We find frequent expressions in the report of the Commission to the effect that, because of the assigned car rule, discrimination or preference may result, but findings of actual discrimination and preference, granting that they are sufficiently established to justify orders of the Commission prohibiting the carriers from pursuing such practices, are not sufficiently general in their scope nor substantial in their results to support the sweeping order of the Commission. An order based upon discrimination must be restricted in its scope to the discrimination actually shown. Interst. Com. Com'n v. Diffenbaugh, supra. Central Railroad of New Jersey v. United States, 257 U.S. 247, 42 S. Ct. 80, 66 L. Ed. 217; Wisconsin Rate Cases, 257 U.S. 563, 42 S. Ct. 232, 66 L. Ed. 371, 22 A. L. R. 1086; New York v. United States, 257 U.S. 591, 42 S. Ct. 239, 66 L. Ed. 385; American Express Co. v. Caldwell, 244 U.S. 617, 37 S. Ct. 656, 61 L. Ed. 1352.

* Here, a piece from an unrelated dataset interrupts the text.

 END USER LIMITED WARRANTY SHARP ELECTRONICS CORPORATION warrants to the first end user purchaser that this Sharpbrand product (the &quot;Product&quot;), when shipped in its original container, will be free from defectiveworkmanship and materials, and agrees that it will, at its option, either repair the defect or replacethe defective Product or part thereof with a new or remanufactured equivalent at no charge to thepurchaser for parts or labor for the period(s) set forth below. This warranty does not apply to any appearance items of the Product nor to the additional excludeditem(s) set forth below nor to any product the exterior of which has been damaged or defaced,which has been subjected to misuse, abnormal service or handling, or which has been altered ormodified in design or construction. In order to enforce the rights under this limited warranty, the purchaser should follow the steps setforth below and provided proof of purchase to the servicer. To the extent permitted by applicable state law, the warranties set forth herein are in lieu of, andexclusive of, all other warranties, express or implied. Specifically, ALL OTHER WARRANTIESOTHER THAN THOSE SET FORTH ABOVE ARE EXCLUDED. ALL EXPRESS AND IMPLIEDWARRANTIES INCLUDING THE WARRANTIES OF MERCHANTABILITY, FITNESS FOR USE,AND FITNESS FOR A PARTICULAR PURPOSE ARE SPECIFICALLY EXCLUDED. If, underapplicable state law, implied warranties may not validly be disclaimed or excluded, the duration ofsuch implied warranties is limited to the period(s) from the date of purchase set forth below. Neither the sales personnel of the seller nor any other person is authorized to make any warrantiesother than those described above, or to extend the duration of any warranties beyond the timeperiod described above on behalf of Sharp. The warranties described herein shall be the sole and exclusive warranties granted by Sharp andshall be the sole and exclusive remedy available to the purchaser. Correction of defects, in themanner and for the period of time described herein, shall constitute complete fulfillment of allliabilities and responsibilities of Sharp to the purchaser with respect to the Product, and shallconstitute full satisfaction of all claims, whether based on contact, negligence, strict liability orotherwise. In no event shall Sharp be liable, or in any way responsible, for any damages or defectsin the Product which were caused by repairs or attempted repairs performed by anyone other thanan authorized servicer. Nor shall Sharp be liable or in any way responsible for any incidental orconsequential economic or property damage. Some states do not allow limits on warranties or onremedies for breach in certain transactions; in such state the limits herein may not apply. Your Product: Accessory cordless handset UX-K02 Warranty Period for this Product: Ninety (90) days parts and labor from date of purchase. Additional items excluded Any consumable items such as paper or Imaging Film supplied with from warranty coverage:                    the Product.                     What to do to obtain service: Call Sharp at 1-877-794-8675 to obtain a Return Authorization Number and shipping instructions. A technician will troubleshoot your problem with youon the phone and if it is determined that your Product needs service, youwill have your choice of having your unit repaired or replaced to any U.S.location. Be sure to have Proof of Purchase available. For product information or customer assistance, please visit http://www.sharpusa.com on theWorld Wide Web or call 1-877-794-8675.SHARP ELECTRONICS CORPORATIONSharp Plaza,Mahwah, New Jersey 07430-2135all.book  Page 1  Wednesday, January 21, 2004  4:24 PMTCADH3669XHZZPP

We find no substantial foundation of preference and discrimination upon which to base the universal scope of the order. Through its operation, the railroads will be deprived of the use of their mines and of their right to exercise their judgment in procuring their coal supply, and the other plaintiffs of the use of their mines and their private cars.
Private property cannot be taken for public use without just compensation, and cannot be taken for private use with or without compensation. The owners of private cars have acquired valuable property rights in order to carry on vast industries, serving the public with its necessities, in reliance upon the assigned car rule, and, as the order in question necessarily makes no provision for compensating the owners for the deprivation of their property, it is manifest that its effect is the taking of property without compensation, and in violation of the Fifth Amendment to the Constitution.

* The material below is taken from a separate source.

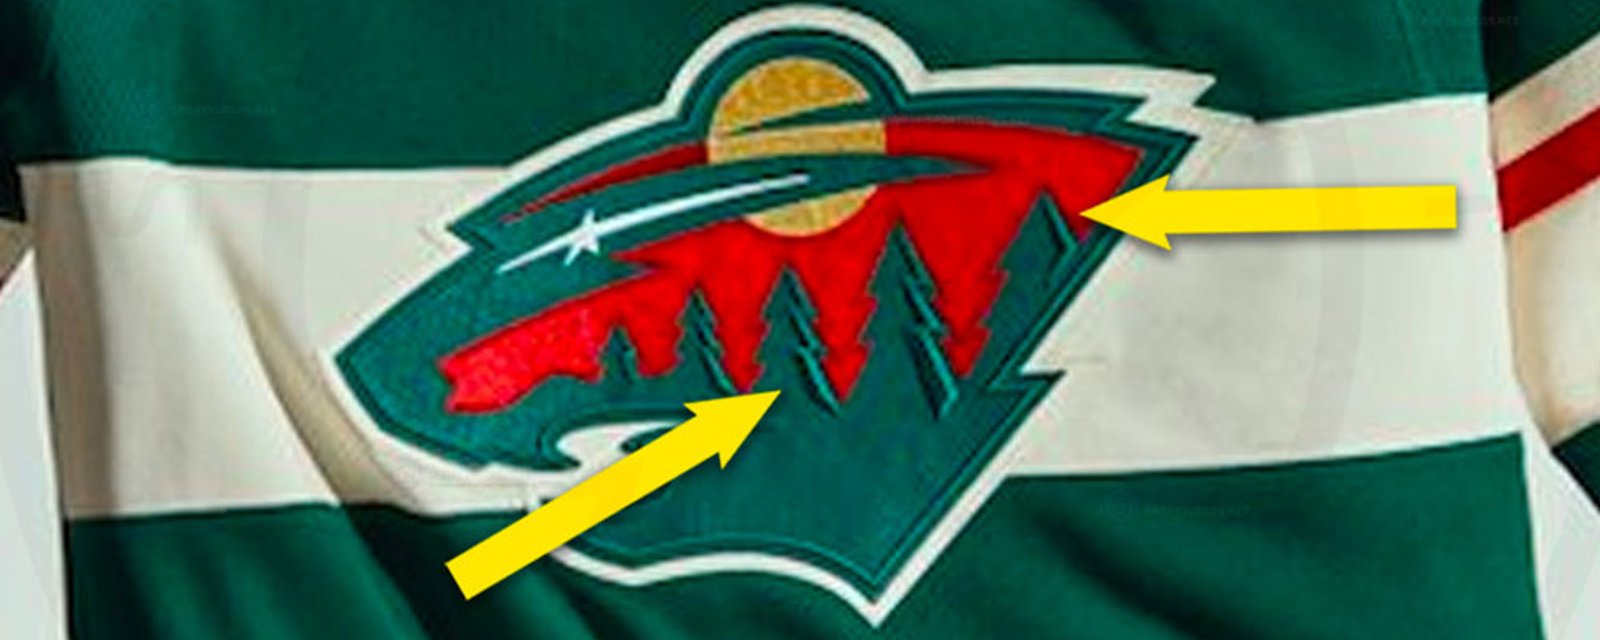 All NHL team switch to Primegreen jerseys with new dimensional embroidery on crests

We conclude that the order of the Commission is unjust and unreasonable and an unlawfully arbitrary exercise of power; that it undertakes by indirection to regulate the soft coal industry in matters which do not constitute transportation service relating to commerce and are not within the regulatory power of the Commission; that it assumes without authority of law to restrict the lawful right of the railroads to obtain by purchase or ownership of mines the supplies necessary to their operation in the service of the public; that the use of the railway fuel cars and private cars under the assigned car rule is not per se preferential; that there are no sufficient facts set out in the Commission's report upon which to base findings of such discriminatory and preferential practices as to justify an order of universal application such as has been entered in this case; that it is confiscatory in violation of the Fifth Amendment of the Constitution in depriving the railroads of the use of their mines and the private car owners of the use of their mines and cars; that the order is therefore beyond the authority of the Commission, without warrant of law, and null and void.
Decrees will therefore be entered, setting aside, annulling, and suspending the order and enjoining its enforcement. Counsel may prepare and present decrees in accordance herewith.